> _Work order_
With the pictures omitted, repeat exactly the lines below starting with the line that has "Weißer Schuh mit" and going on through the line that has "Le papillon fritillaire".

------ Exercise materials

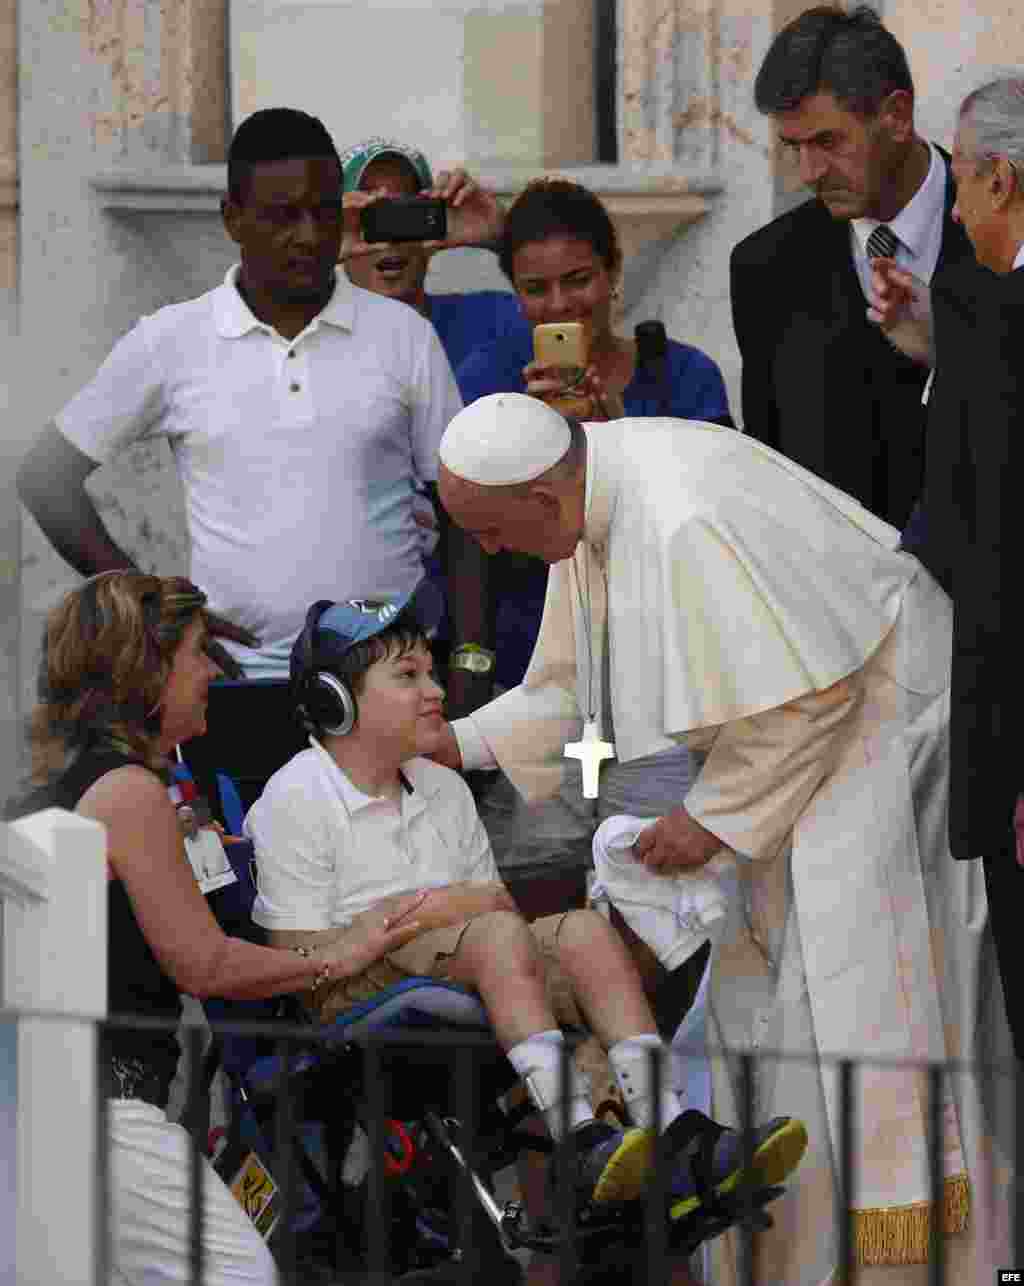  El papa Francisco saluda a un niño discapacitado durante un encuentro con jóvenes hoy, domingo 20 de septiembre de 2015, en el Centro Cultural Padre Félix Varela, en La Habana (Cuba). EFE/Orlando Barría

------------
------ Exercise materials

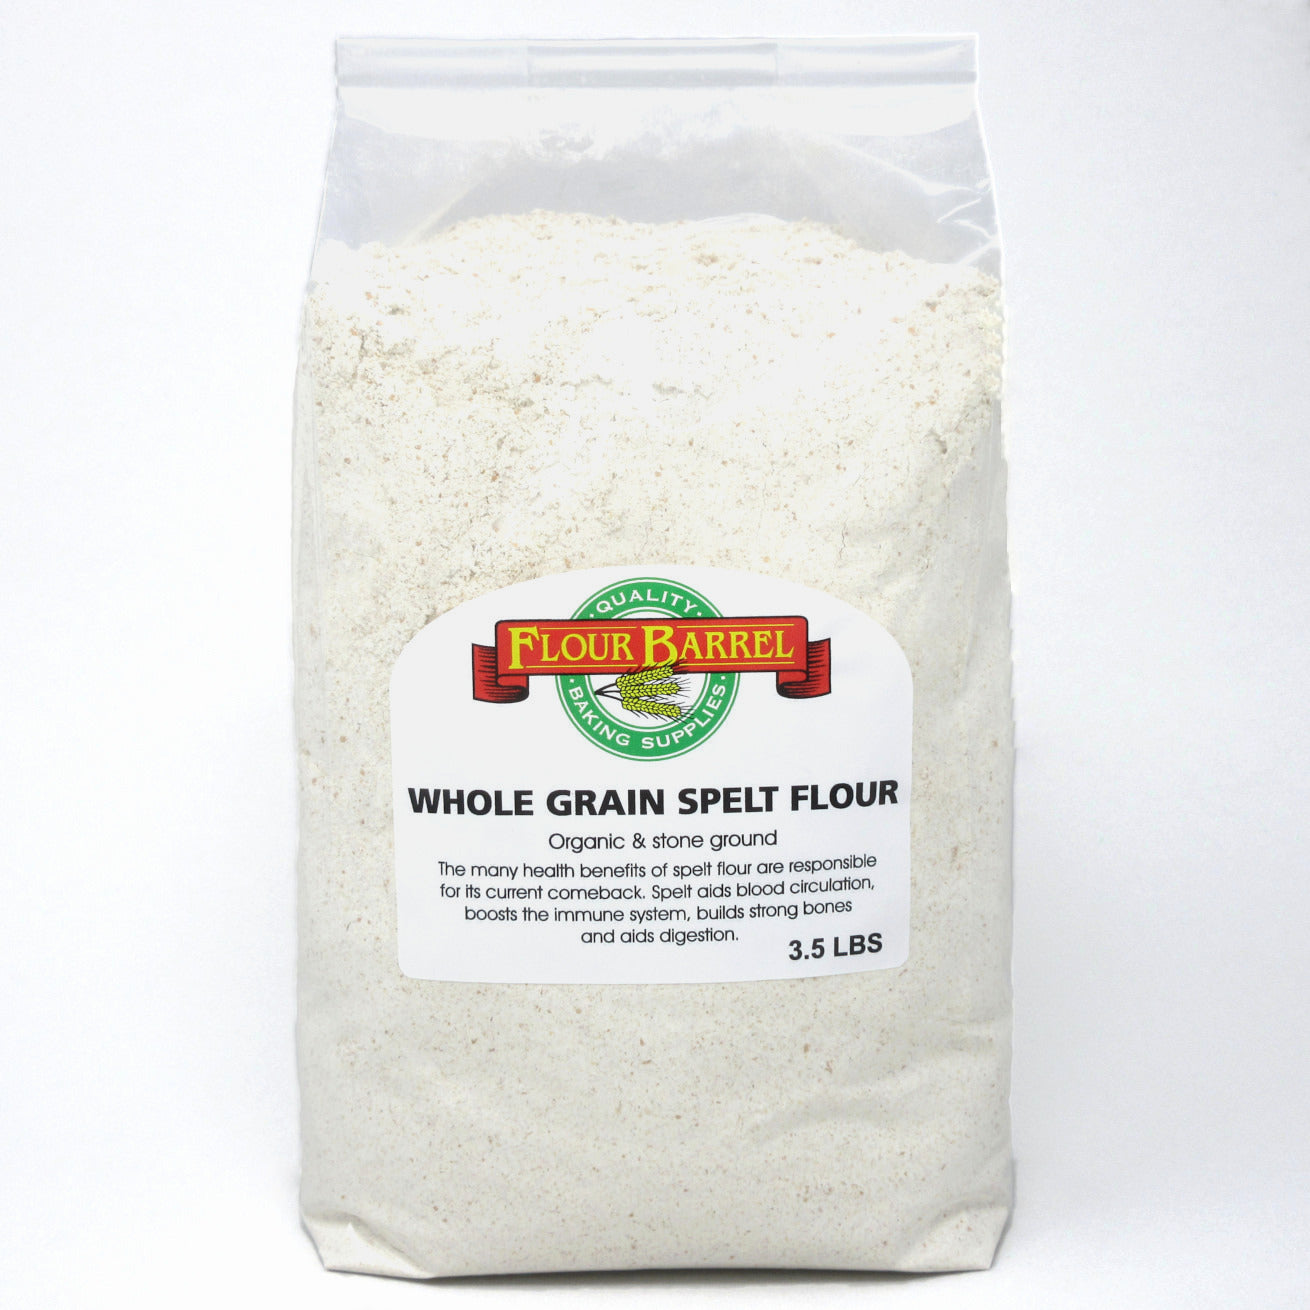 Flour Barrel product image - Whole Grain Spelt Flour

------------
------ Exercise materials

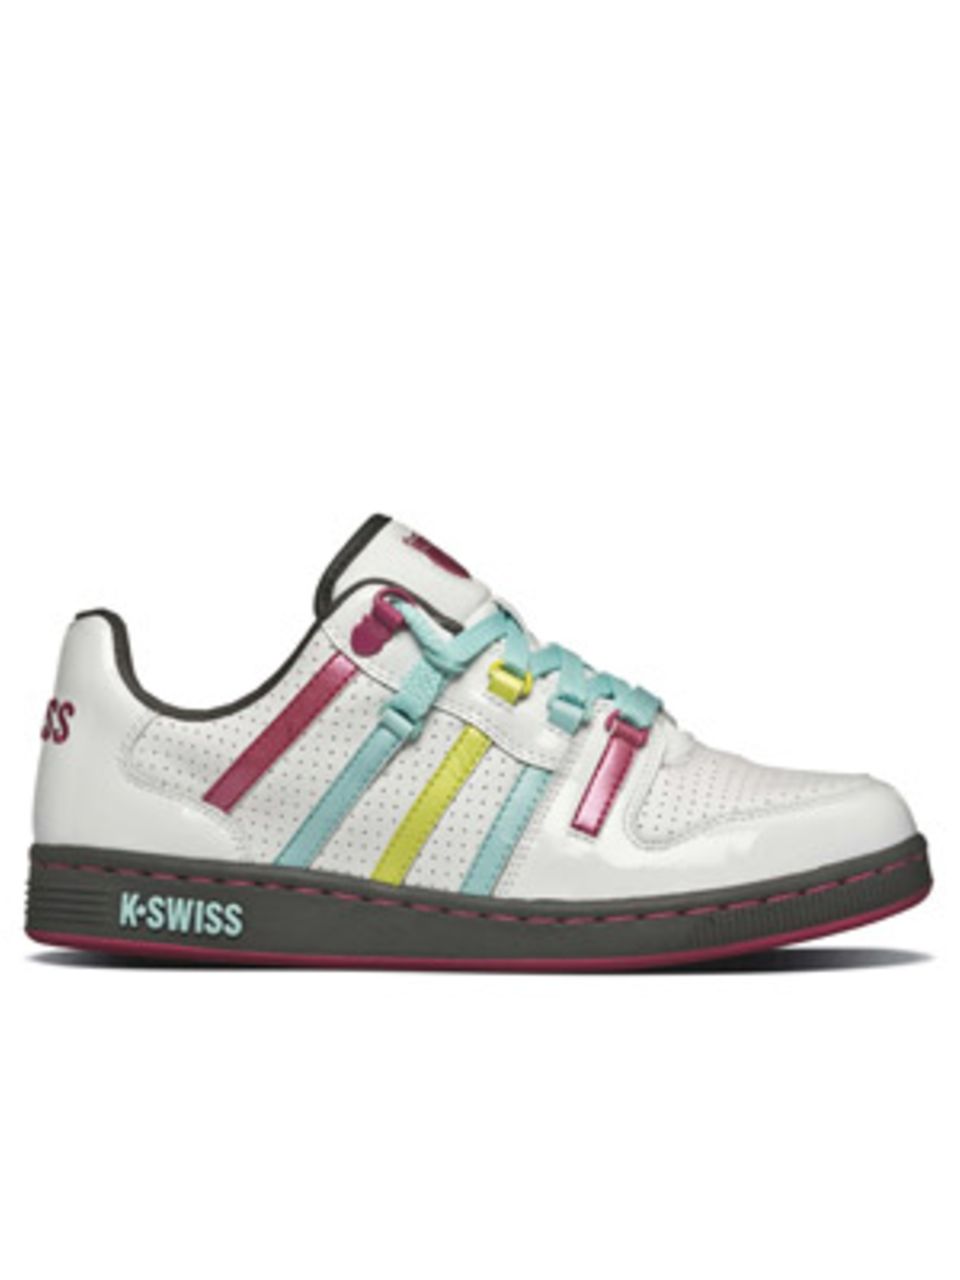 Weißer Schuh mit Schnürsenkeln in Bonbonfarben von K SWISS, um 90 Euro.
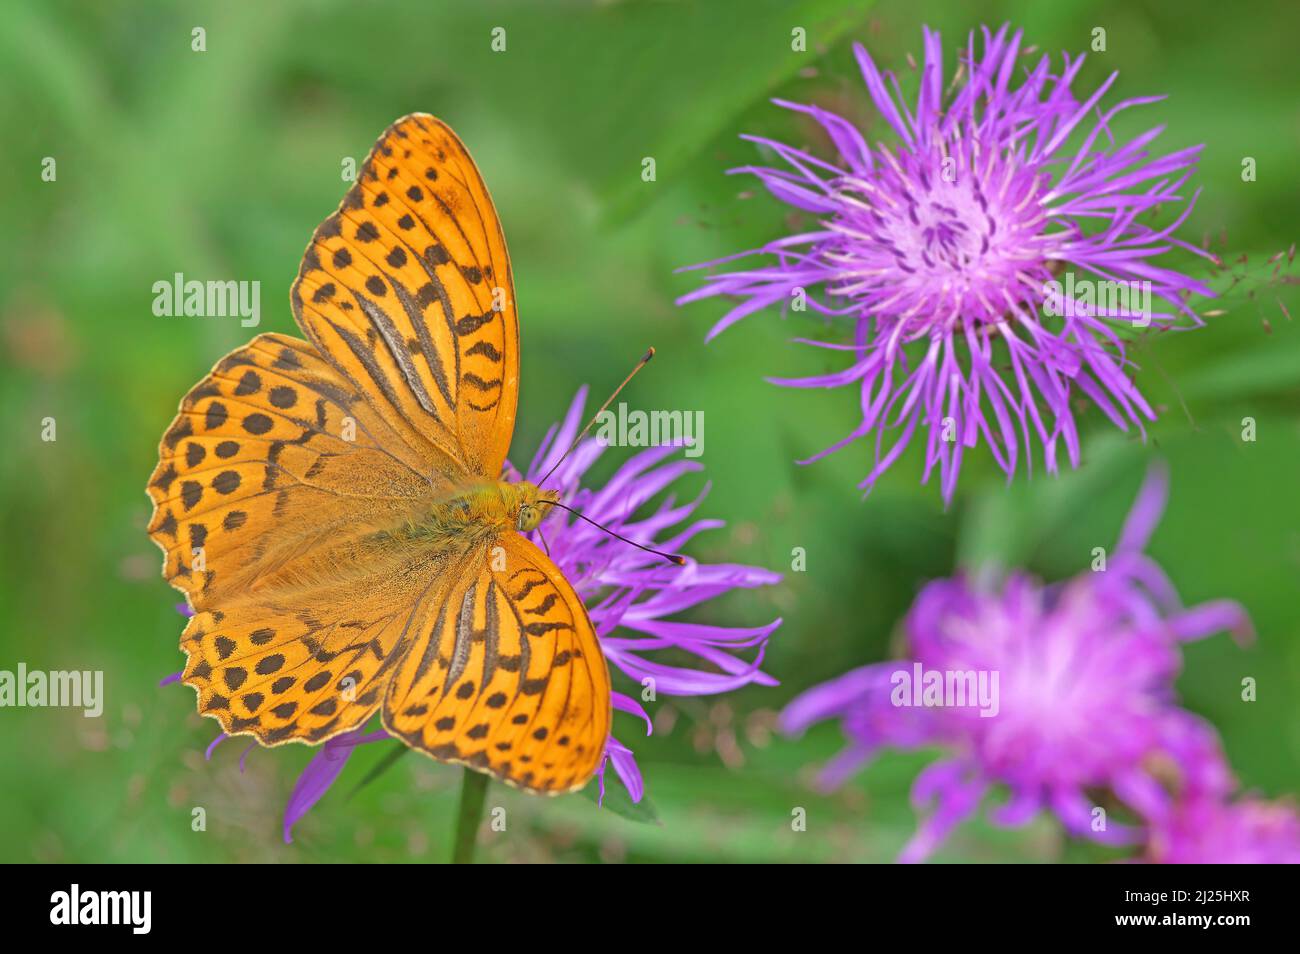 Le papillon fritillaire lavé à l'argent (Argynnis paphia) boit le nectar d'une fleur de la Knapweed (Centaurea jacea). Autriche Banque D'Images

------------

> _Exercise response_
 Weißer Schuh mit Schnürsenkeln in Bonbonfarben von K SWISS, um 90 Euro.
 Le papillon fritillaire lavé à l'argent (Argynnis paphia) boit le nectar d'une fleur de la Knapweed (Centaurea jacea). Autriche Banque D'Images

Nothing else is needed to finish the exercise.